The banking industry is in the throes of structural changes that call for each bank to reinvent itself in terms of strategy focus, organizational form, product offerings, and delivery systems.
Yet many senior managers shy away from making the major changes that are critical for success, especially if they involve taking some calculated risks that banks historically would have avoided.
Rather, these executives are inclined to follow the fads of the moment, like mergers, or play it safe by clinging to the familiar.
They need to recognize that in a break from banking history, there is no single path for success. The critical question is: How can banks mobilize for change to cope with the upheaval that is and has been taking place in the financial marketplace, compounded with a more cynical employee group that has less and less institutional loyalty and commitment?

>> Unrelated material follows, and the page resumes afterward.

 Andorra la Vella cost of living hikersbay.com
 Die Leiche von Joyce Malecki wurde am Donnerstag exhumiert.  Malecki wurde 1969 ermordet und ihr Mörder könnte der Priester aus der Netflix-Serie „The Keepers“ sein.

In order to execute major changes, I recommend a five-step action program that begins with a cultural assessment and factors in the organization's goals, competencies, and technologies.
First and foremost, we must evaluated those enduring rules, values, and principles that guided the organizational behavior to date - "the way we have always done business around here." We must challenge the core assumptions on which the bank's business philosophy has been built, the sacred cows of the organization's customer focus, products, markets served, business practices, organizational form, distribution methods, and so on.
Consideration should be given to tearing down all routines-except the most essential, such as annual customer satisfaction surveys-that get us into ruts, that dull our senses and thinking, that stifle creativity and otherwise destroy our ability to compete.
We must encourage the flow of new ideas and information to help identify opportunities to change, grow, and innovate, and therefore to make easier the introduction of new products and practices (such as sharing of strategic and financial strategies with all key personnel).
When in doubt, experiment with new ideas through pilot testing: for example, a bank with no branches, credit scoring for small-business loans, or new methods of integrating the delivery of existing products to targeted customer segments.
And if an experiment fails, we must learn to learn from those mistakes.
Second, we must develop a shared, compelling vision for the bank's future, not based solely on profits.
One example of a "new model" might be a bank that focuses on financing the needs of customers that buy mobile homes and RVs. But articulating a clear vision alone is not enough to make the change happen.
Third, we must communicate the shared need for the new agenda effectively, to inspire people to act in ways that make the new vision a reality. That means sharing both good and bad news on such matters as financial performance and customer satisfaction indices.
A partnership style of management and leadership can help align, motivate, and manage the employees.
A team-spirited climate encourages them to do their best while feeling in charge of their own lives.
Otherwise, the best-laid plans are doomed to fail by creating anger and resentment, which in turn lead to poor execution and mediocre results.
Goals should likewise be linked to corporate strategy. Newsletters, kickoff meetings, individualized letters to employees, customers, and the like are a must.
Management, in short, must constantly "walk the talk" as champions, role models, and agents of change. Objectives and milestones must be measured and plans must change when they do not pan out as projected.
Fourth, we must foster collaboration by continually promoting and reinforcing the shared goals to build trust, strengthening people by assigning them real responsibility and the training to carry it out. Above all, we must reinforce this with incentives, like sharing a third of all earnings beyond the targeted goals.
The best approach to accomplishing this is by investing in the bank's biggest asset-human capital-by providing new skills, using technology in innovative ways to develop new products, new ways of marketing, and product delivery.
Staff training and development, again, are crucial, since the heart of the new evolving banking business is knowledge and information, much needed to fully satisfy the needs of the new customers.
Banks will therefore need employees who are competent in offering a holistic package of services and support that includes a balanced mix of products, information, advice, and personal attention.
Research has repeatedly shown that a well-trained employee is 30% percent more productive than one who is not. Well-trained employees will be more creative and innovative, and more prone to generating new ideas and alternatives that will translate into useful products. Employees who are not motivated will tend to concentrate inward on their own careers.
Motivated employees with superior knowledge will, on the other hand, focus on value to the customer. And long-term customer loyalty and retention are key ingredients of a bank's prosperity.
Fifth, team spirit and commitment should be encouraged by recognizing individual and team contributions to the success of each project.
We must celebrate both the successful ideas and those that are not. Those well-intentioned efforts that did not come to fruition are equally important to keep innovation going. Risk takers should not be punished; they must continue challenging the status quo.
Even after taking these actions for managing change, let us remember that the process over the long term is, at best, hard work. To the extent it is also great fun, it will be a labor of love that brings forth our creative juices.